In August, 1624, Champlain made arrangements for revisiting France, where fresh dissensions had arisen in regard to the company's rights and privileges. His chief purpose was to again urge at home an appeal for a more generous support in behalf of his undertakings. The Recollets, also, having found themselves utterly unequal to the occupation of their immense and constantly increasing field of missionary work, had determined to appeal for aid to some of the religious communities of France, and, with this view, deputed Sagard and a priest to sail for Europe in the suite of the Governor.
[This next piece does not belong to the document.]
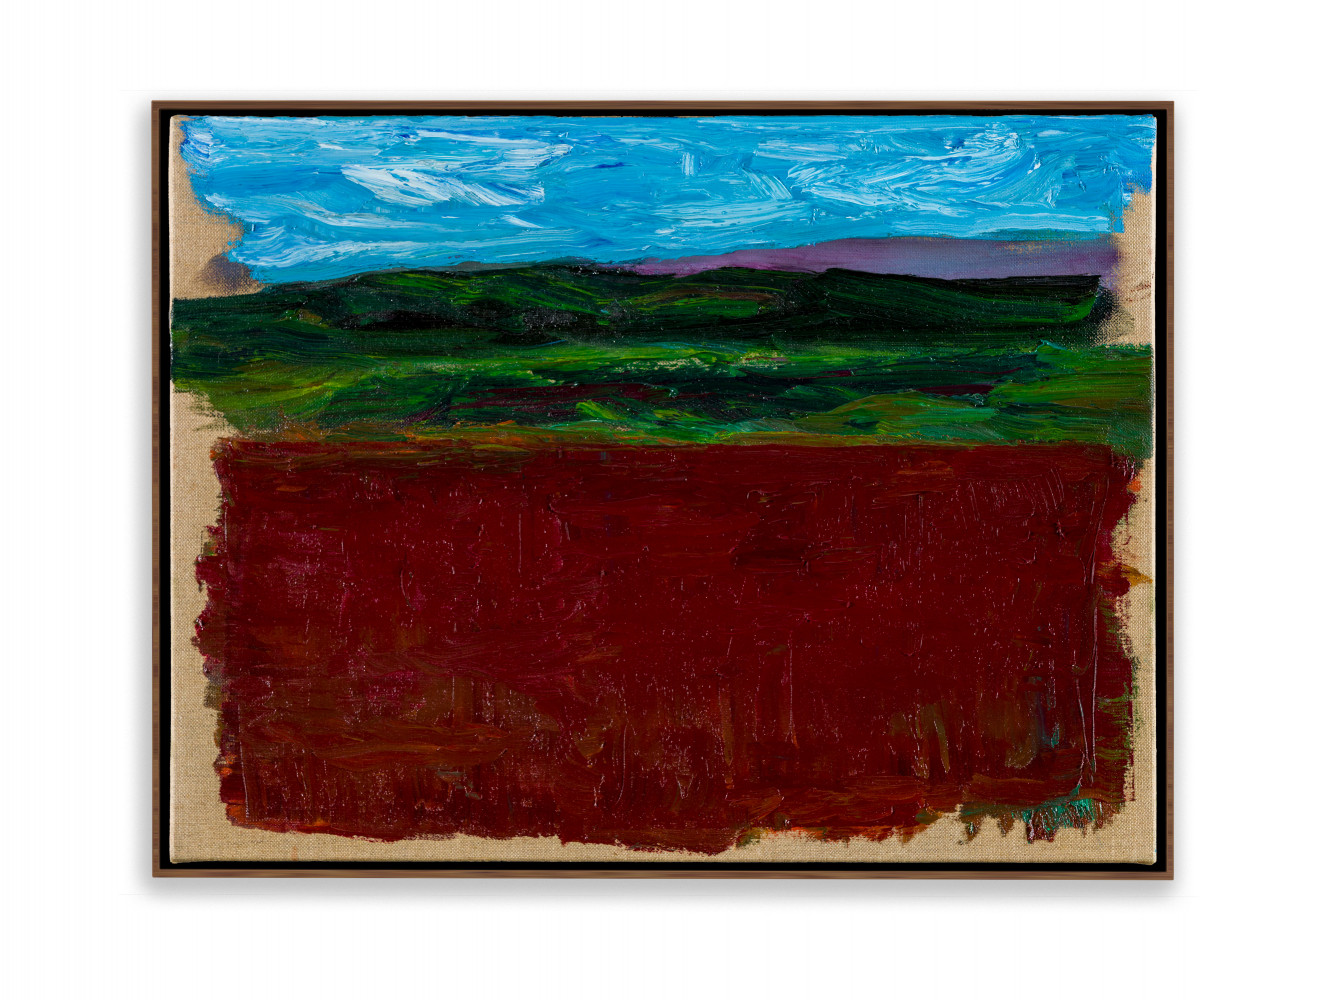 Pedro Cabrita Reis, ‘Landscapes (series XI) #2’, 2020, Oil on raw canvas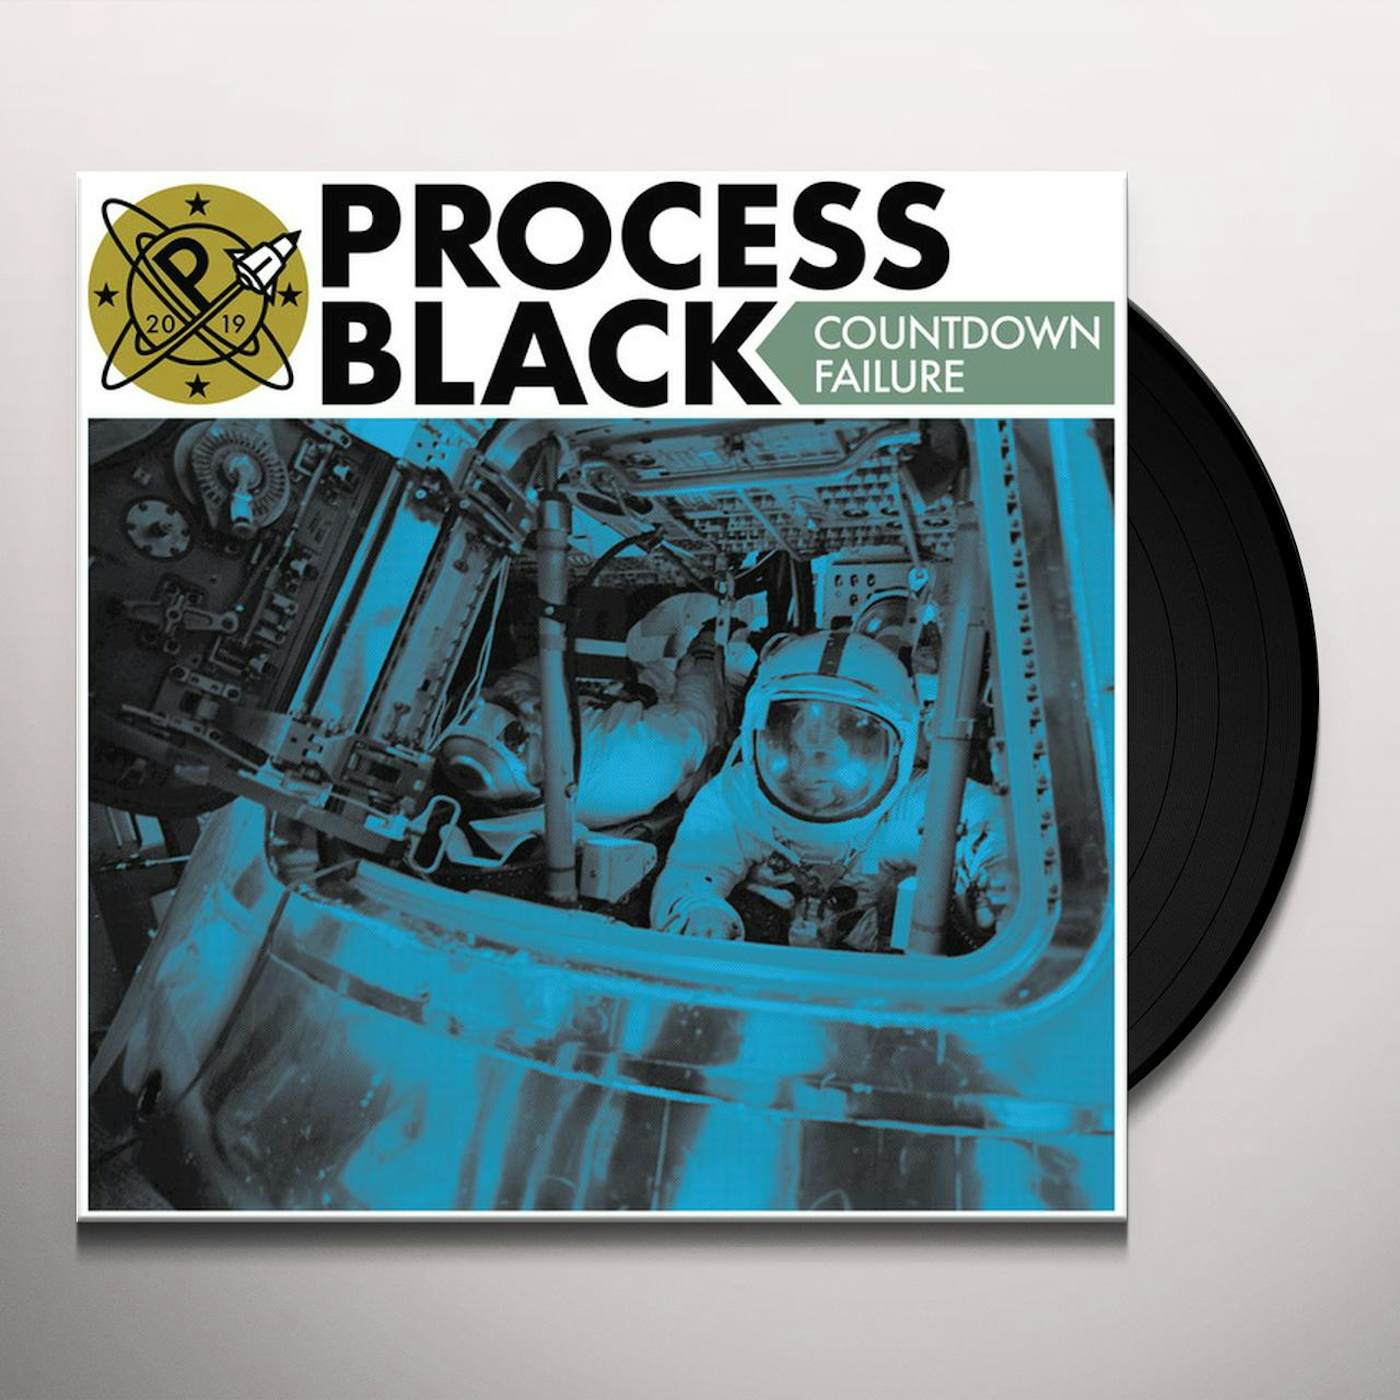 Process Black Countdown Failure Vinyl Record

Before his departure Champlain nominated the younger De Caen commandant at Quebec during his absence, and gave instructions that the works in progress should be prosecuted with the utmost vigor, especially the completion of the Fort St. Louis.

These preparations being made, he set sail on August 15, 1624, accompanied by his wife and the two Recollet deputies.

Champlain, having accomplished all that seemed at that time attainable in France, returned to Quebec in the summer of 1626, accompanied by the priest Le Caron, and his brother-in-law, Boulle, as his lieutenant.

He found the works scarcely advanced beyond the condition in which he had left them two years before. His people also were in a somewhat enfeebled condition. They had been ill-supplied with necessaries the preceding season, owing to the neglect of the company to furnish what was requisite for their comfort and plentiful support during the winter of 1625.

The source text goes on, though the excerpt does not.